🐡

went to my favorite place on planet earth again today - nagano japan. specifically, jigokudani yaen-koen (hell valley monkey park).

i wrote extensively about this last year as well, seen here. it was just as incredible this year, if not better.

this will be the first blog post of the trip where all the photos are not in this blog post. i took 439 photos, 325 of which were of monkeys. after editing and review, i kept 133 of the photos, 99 of which were of monkeys. to keep this blog post from being ridiculously long, and to keep it from taking 200 years to finish uploading, i am limiting the blog post to only contain my 30 favorite monkey photos. if you want to see all of them, you will need to look at my gallery site. the reason i do it this way is because my gallery site automatically imports from my photo editing software. i dont have to download all the photos in a smaller file size and then reupload them like i do for the blog posts. i started writing this blog post at 12:45 pm and am just now posting it 2 hours later. the photo uploads take a really long time.


bullet train

this was the first of many bullet trains i will be taking this trip, and the first ever bullet train for my mom. we took the 7:52 shinkansen from tokyo station to nagano station, arriving at 9:30. we got tickets for gran class, which is like the bullet train equivalent of first class. its about 150 miles away by car. i don’t know the exact distance the train travels, but its somewhere in that neighborhood. the train reaches a maximum speed of 160mph, with 7 stops along the way.

after nagano, this train continues on to kanazawa, where i will be going on april 2. i will be taking this same train on the 2nd, just wont be getting off halfway.

i actually didnt take any photo or video on the train, which was a mistake for sure. i took several last year if you want to see those, though.


zenko-ji

this tour followed essentially the same structure as last time, with our first stop at zenko-ji temple. i am going to paste the same thing i wrote last year, because it is all still true.

our first stop was Zenkō-ji, a 1400 year old buddhist temple.
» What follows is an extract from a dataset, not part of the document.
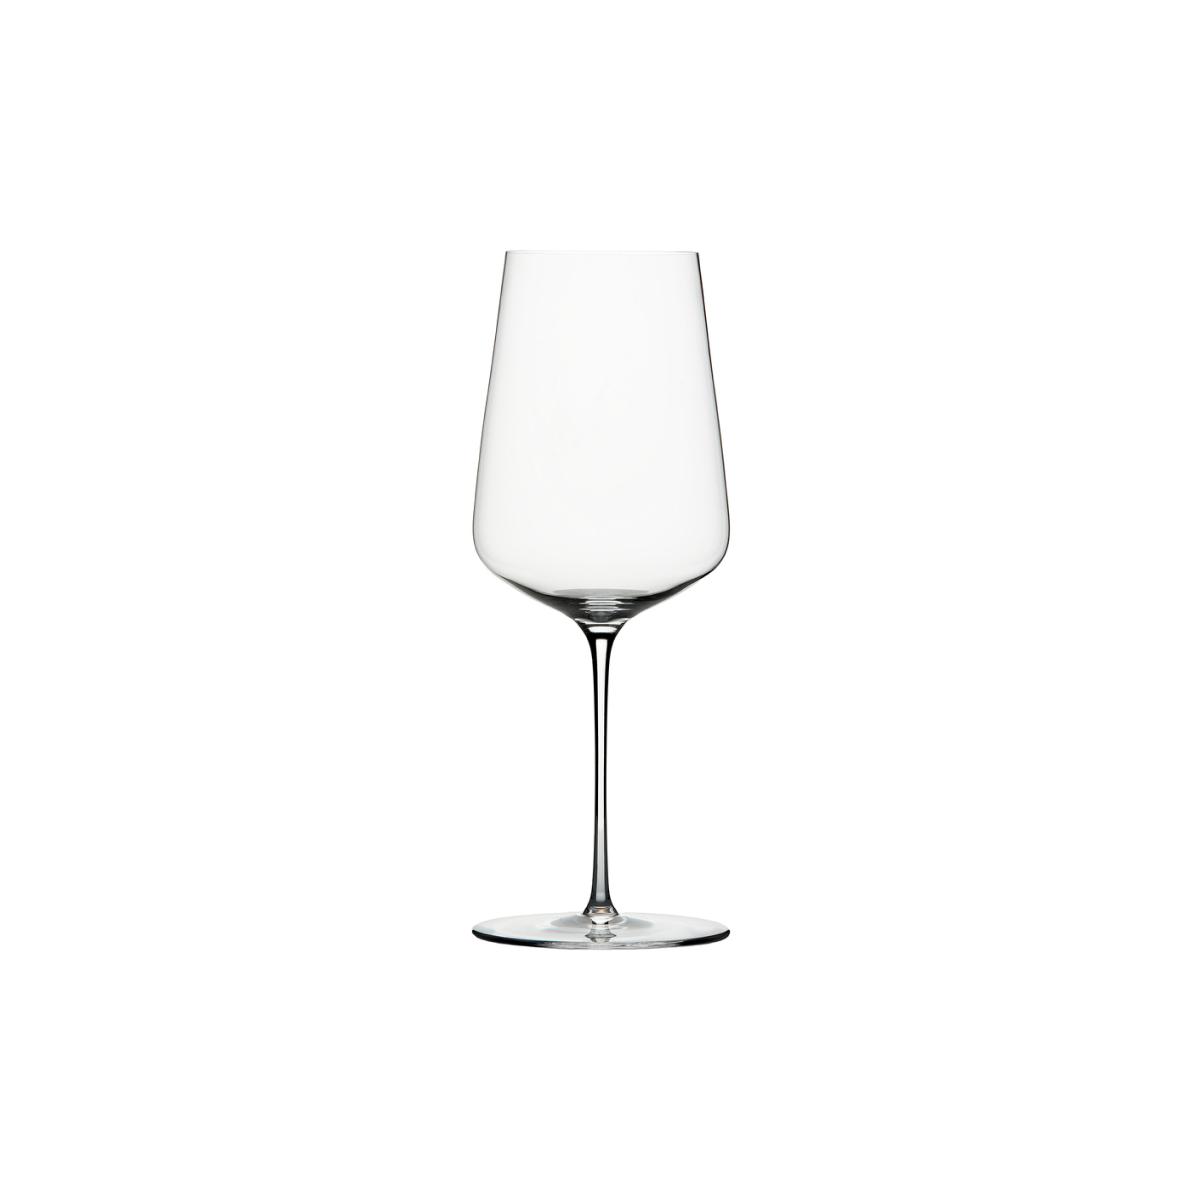 Zalto HAND-BLOWN WHITE WINE GLASS

Zenkō-ji is really interesting because it was built before buddhism split into multiple sects. there are actually 2 different sects of buddhism operating out of Zenkō-ji, Jōdo-shū and tendai.

please note that i am not a buddhism expert and i am only describing what was described to me here.

many of the statues in this temple are wearing red, which i was told is because old tradition said that color red would ward off illness and evil spirits.

these little smiling statues are called jizo. and their meaning is sad but kind of beautiful. the guide explained that when a young child dies before their parents, or dies before birth, they cannot cross the river to the afterlife. the jizo are guardian deities that watch over these children and protect them from yokai, evil spirits. thus, people put red clothing on the jizo to protect them (and by extension the children) from evil spirits.

there are many jizo statues in japan, along roads, trails, shrines, temples, et cetera. they can be found all over the place.

i am not super knowledgeable in buddhism, so this is all coming secondhand from how it was explained to me. but according to the tour guide, the jizo are bodhisattva, which are people who have become enlightened, but choose to forego buddha-hood and assist others in their journey to become enlightened.

parents offer garments, toys, bibs, and the like to the jizo statue in hopes that their child will be safely guided to the afterlife.

we had about an hour at zenko-ji. i was able to get goshuin stamps for both of our books at both locations (there are 2 sects operating out of this temple).


nature

after zenko-ji, there was a brief stop at a sake tasting place, where i once again got no photos, and a stop for lunch. this year we got shabu shabu at a place right at the base of the mountain the monkey park is at. but for some reason, all my photos of this lunch turned out pretty bad, so i scrapped them all.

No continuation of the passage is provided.